Lets make a little more sense of these tuple types by creating the tuple type that will flow between stage_1 and stage_2 in our example above. All stage_1 is doing is reading in filenames and passing each one to stage_2. What we need is a tuple that has only one field: a String to hold the filename. An important note: Galago will expect all types to have an ordering, even if you do not intend to sort that type. For the sake of argument (or at least for the sake of Galago not running the parameter file we will create in a few minutes), lets say we want this type to be sortable based on alphabetical order. To create this tuple type, we use the following command:

$ java galago.tupleflow.TemplateTypeBuilder \
     FileName.java FileName org.mytypes \
     String:filename order:+filename 

This command says:

"Create a tuple type called FileName in the file FileName.java as part of the org.mytypes package; give it one field: a String called filename which can be sorted in ascending order (i.e. alphabetically, since it's a String)."

If you wanted to sort it in descending alphabetical order, you would use order:-filename.

To go from stage_2 to stage_3, we need a different tuple type -- one that has two fields: as String for the word and an int for the count. Since it holds word counts, we'll call it WordCount.

$ java galago.tupleflow.TemplateTypeBuilder \
     WordCount.java WordCount org.mytypes \
     String:word int:count order:+word order:+word-count order:+word+count

Notice that there are three possible orderings of this type; we will only really need the first one (order:+word), which sorts the types in ascending alphabetical order, but the other two demonstrate how one would allow for multiple sortings. order:+word-count sorts first by ascending alphabetical order of word and breaks ties by descending order of count; in contrast, order:+word+count breaks ties by ascending order of count.

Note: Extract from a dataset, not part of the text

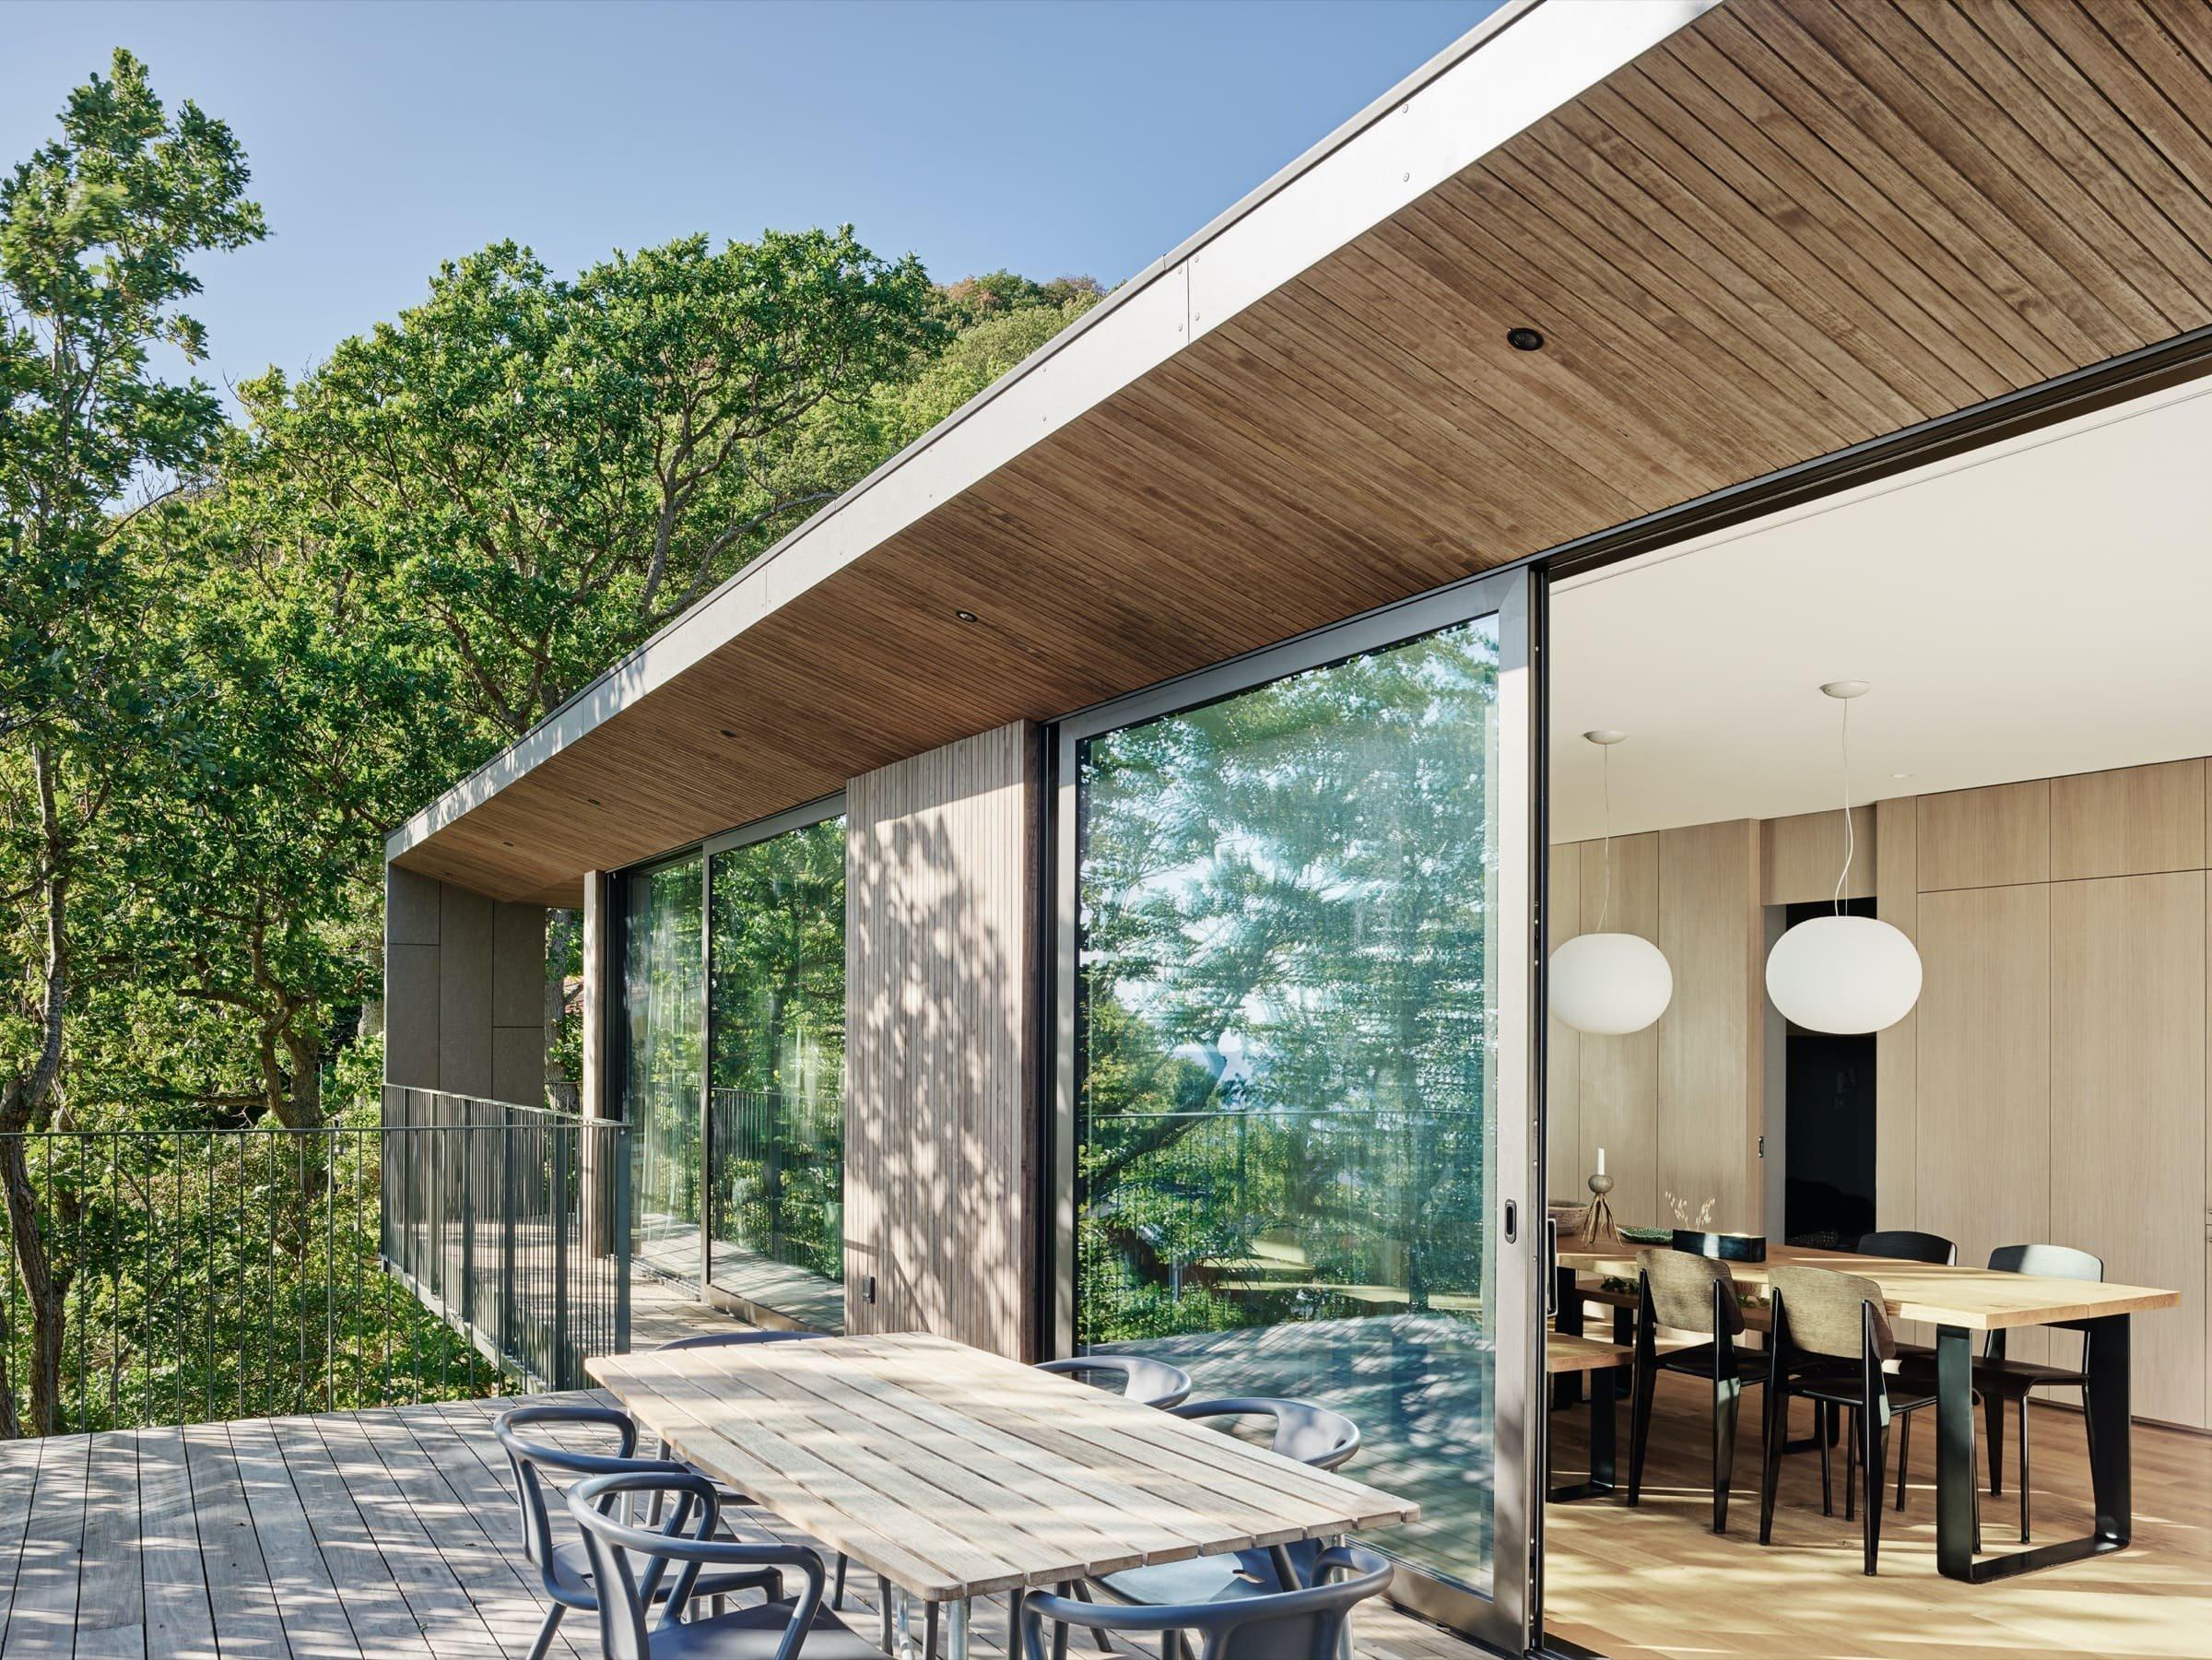 Terasa s výhledem do korun stromů slouží jako venkovní jídelna

Now that we have the glue, as it were, that holds the stages together, lets see how the stages actually make and use these tuples.

Writing and Connecting Step Classes

The first step of the first stage must (as far as I can tell) implement the Galago interface, galago.tupleflow.ExNihiloSource<T>. An ex nihilo class (latin for "out of nothing") has only one method that it must define: run(). Galago already comes with a class to do exactly what we want our ReadFileNames class to do: galago.tupleflow.FileSource. However, for completeness sake, we will make our own, based almost entirely on galago.tupleflow.FileSource.

Another important note: all step classes can (but don't have to) have two different constructors. The first kind of constructor takes no parameters -- use this if you need to initialize any data structures that you need to use to process the incoming data. If you do not have any such data structures, you can omit the constructor all together. If you need to read in a parameter from the parameter file (which we are going to talk about in the next subsection), your constructor may take one parameter of type galago.tupleflow.TupleFlowParameters.

So, our ReadFileNames step will have no inputs; its constructor needs to take a TupleFlowParameters object so it knows what file or directory to read in; it needs to send each filename it reads in to the next step; and it needs to output the filenames in the object we created: FileName. We should make a file that looks something like this (this is a slightly modified version of Galago's galago.tupleflow.FileSource):

+[Expand code]
/* org.myparse.ReadFileNames */
...

Alright, so that was the longest example we will cover and its only purpose is to show you how you would go about making your own 'first' step. It is easiest to just use galago.tupleflow.FileSource than writing your own.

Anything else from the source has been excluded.